I (22425788) wifi: ap_probe_send over, resett wifi status to disassoc

See log

Ever since esp-idf 058eb26, the esp32 is going into a wifi disconnect loop instead of a crash.
See log. The last 10 lines in this log file repeat until a reset happens.

We have tested esp_wifi_disconnect(), which properly disconnects and reconnects.
See log

Except on those wifi: ap_probe_send over, resett wifi status to disassoc
This problem occurs on a DOIT board with the esp-wroom32, Pycom LoPy and SiPy.
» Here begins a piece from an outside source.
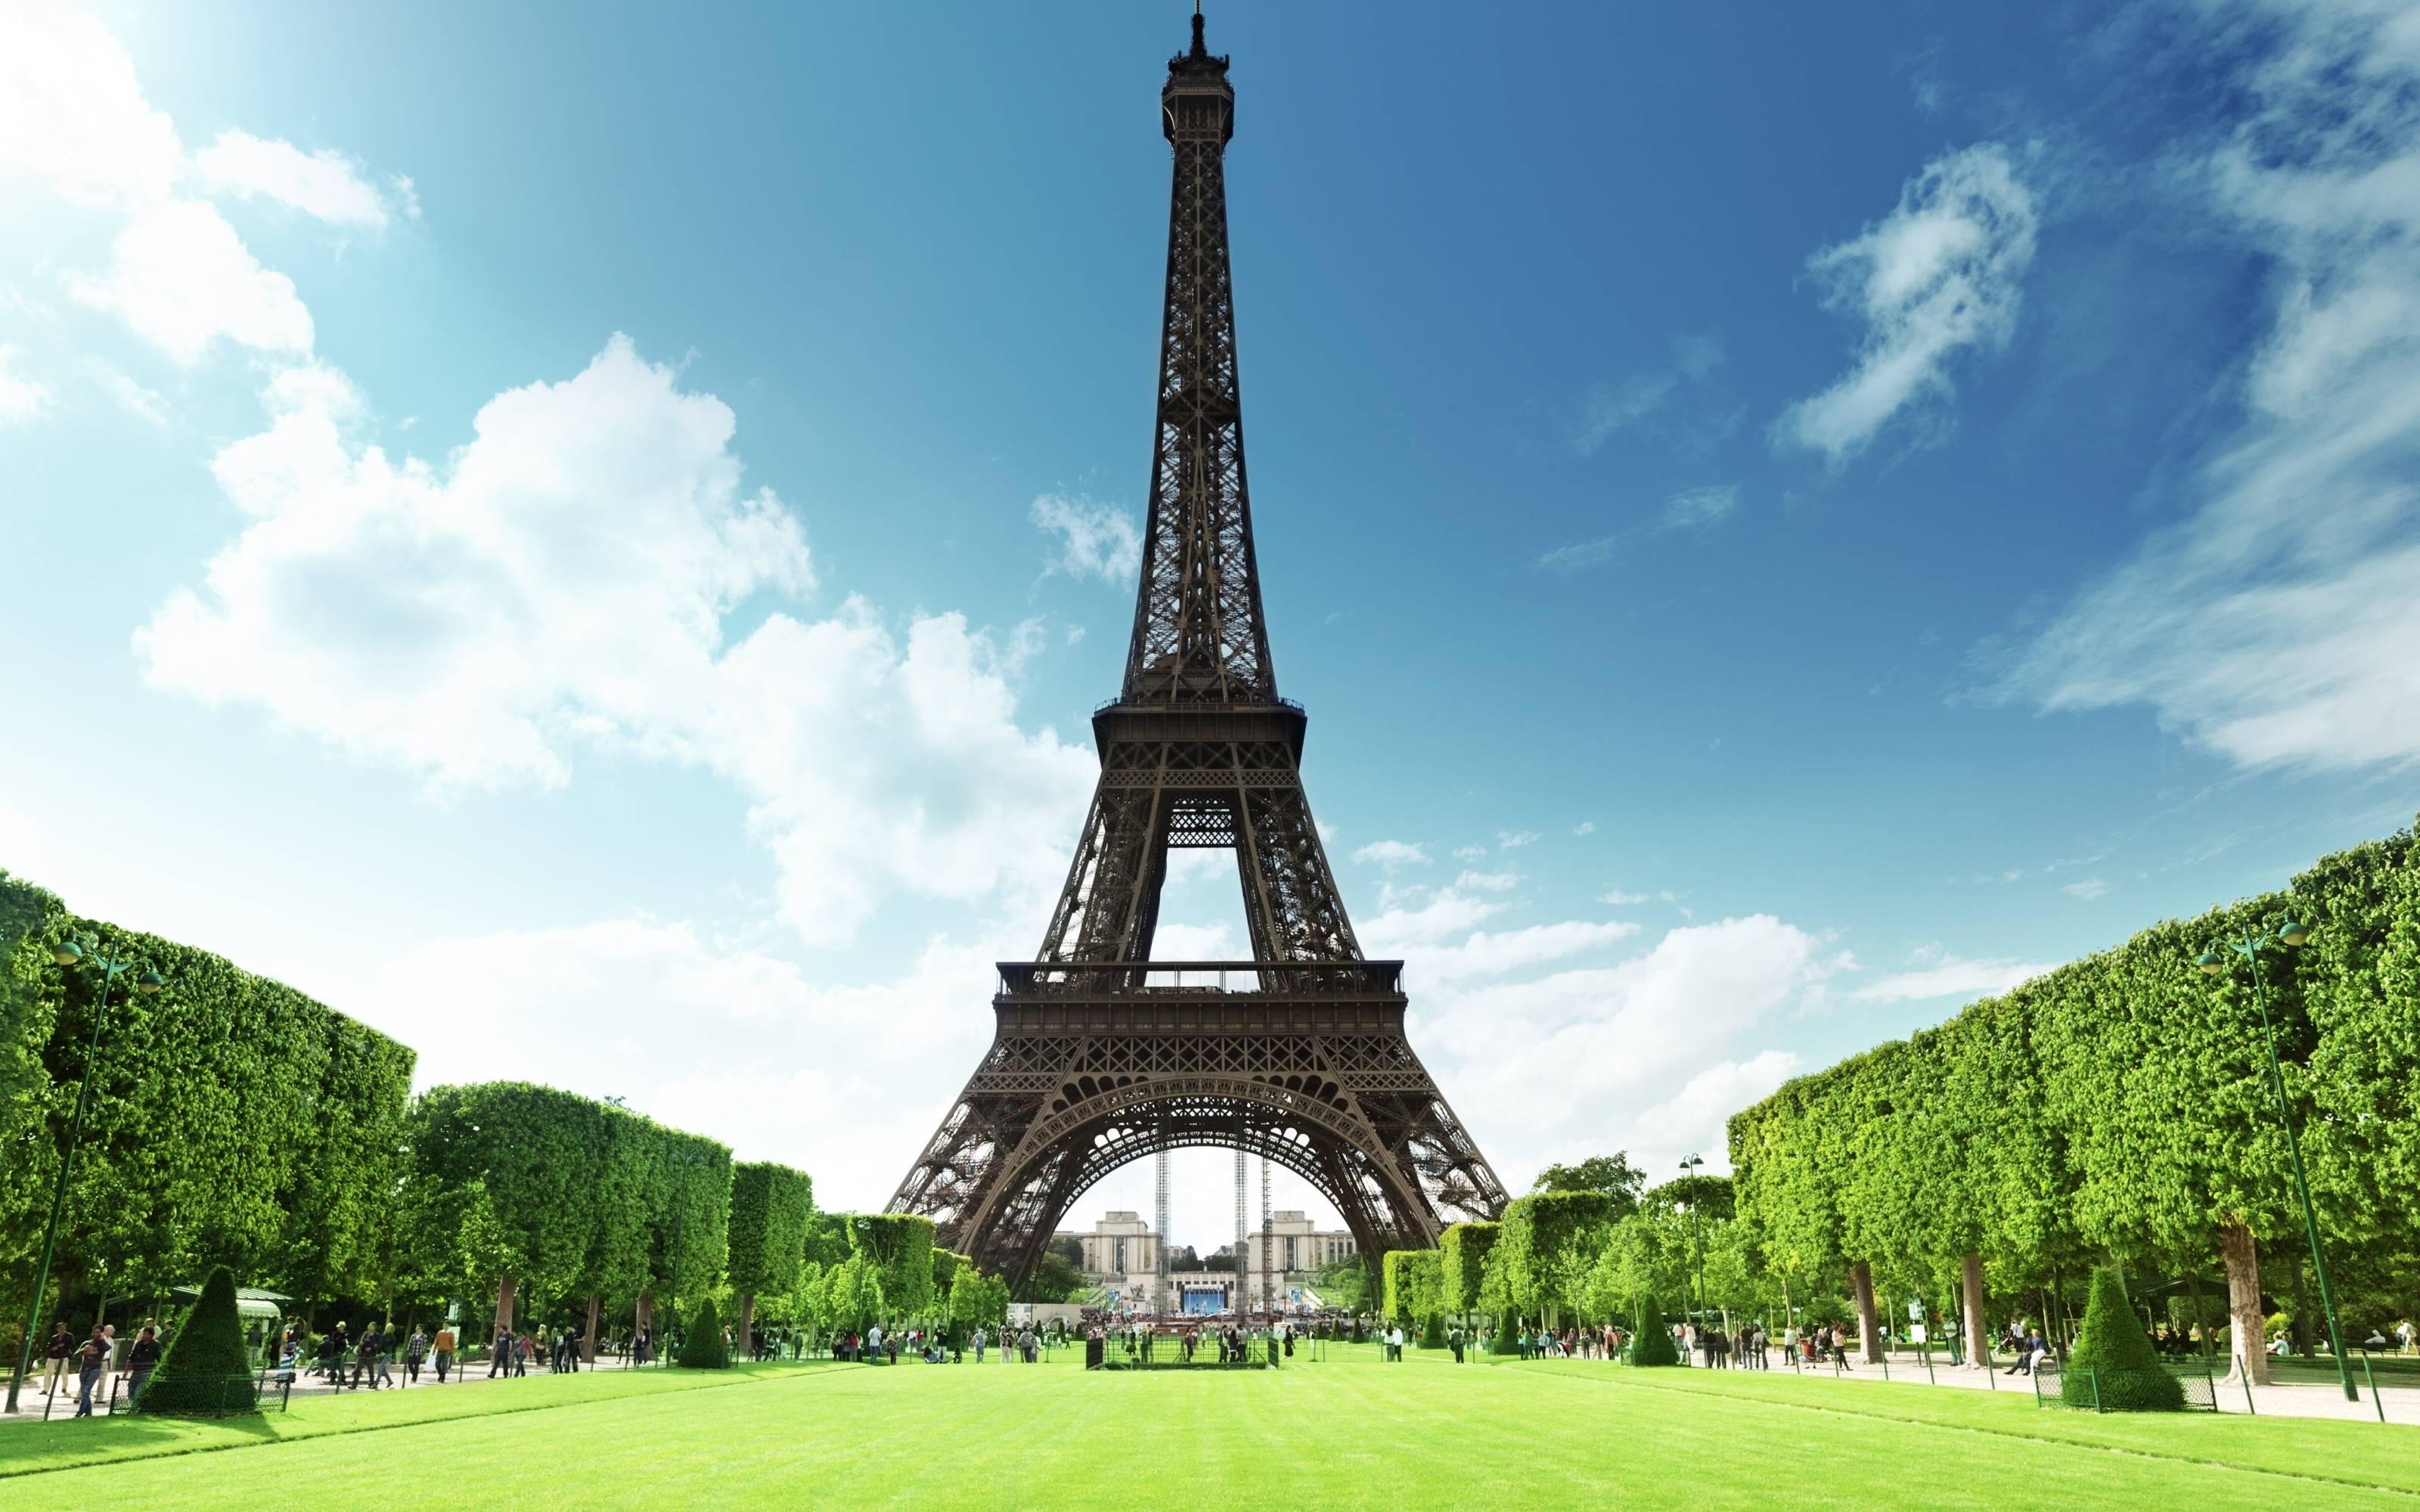 Hd wallpaper eiffel tower - Eiffel Tower 44 395189 High Definition Wallpapers Wallalay Com

We also tested this on 4 different routers.

Another disconnect loop on both a DOIT and LoPy log where wifi log level is set to verbose. This happend after we updated esp-idf to 7ed8c66

What can we do about this problem? We would like to recover from this disconnect. A crash is less problematic because after a restart the esp32 functions again.
The same issue is posted on esp32.com

@Resultfactory
Copy link
Author

We added a wifi deinit to try and circumvent the disconnect loop.

static void reinit_wifi(void *param)
{
	ESP_LOGD(TAG, "Stop, Deinit Wifi");
	ESP_ERROR_CHECK(esp_wifi_stop());
	ESP_ERROR_CHECK(esp_wifi_deinit());

	ESP_LOGD(TAG, "Init, Start Wifi");
	ESP_ERROR_CHECK(esp_wifi_init(&cfg));
	ESP_ERROR_CHECK(esp_wifi_set_storage(WIFI_STORAGE_FLASH));
	ESP_ERROR_CHECK(esp_wifi_set_mode(WIFI_MODE_STA));
	ESP_ERROR_CHECK(esp_wifi_set_config(WIFI_IF_STA, &wifi_config));
	ESP_ERROR_CHECK(esp_wifi_start());

	esp_wifi_set_ps(WIFI_PS_NONE); // Disable powersave

	ESP_LOGD(TAG, "Restart Wifi Done");
	vTaskDelete(NULL);
}

This function is started as a task, after 10 consecutive disconnects.
We tested this function by restarting the router. This caused 10 consecutive disconnects and then the ESP32 reconnected to the router and the internet. See log
It seems I (81906) wifi: ap_probe_send over, resett wifi status to disassoc also occurs when resetting the router.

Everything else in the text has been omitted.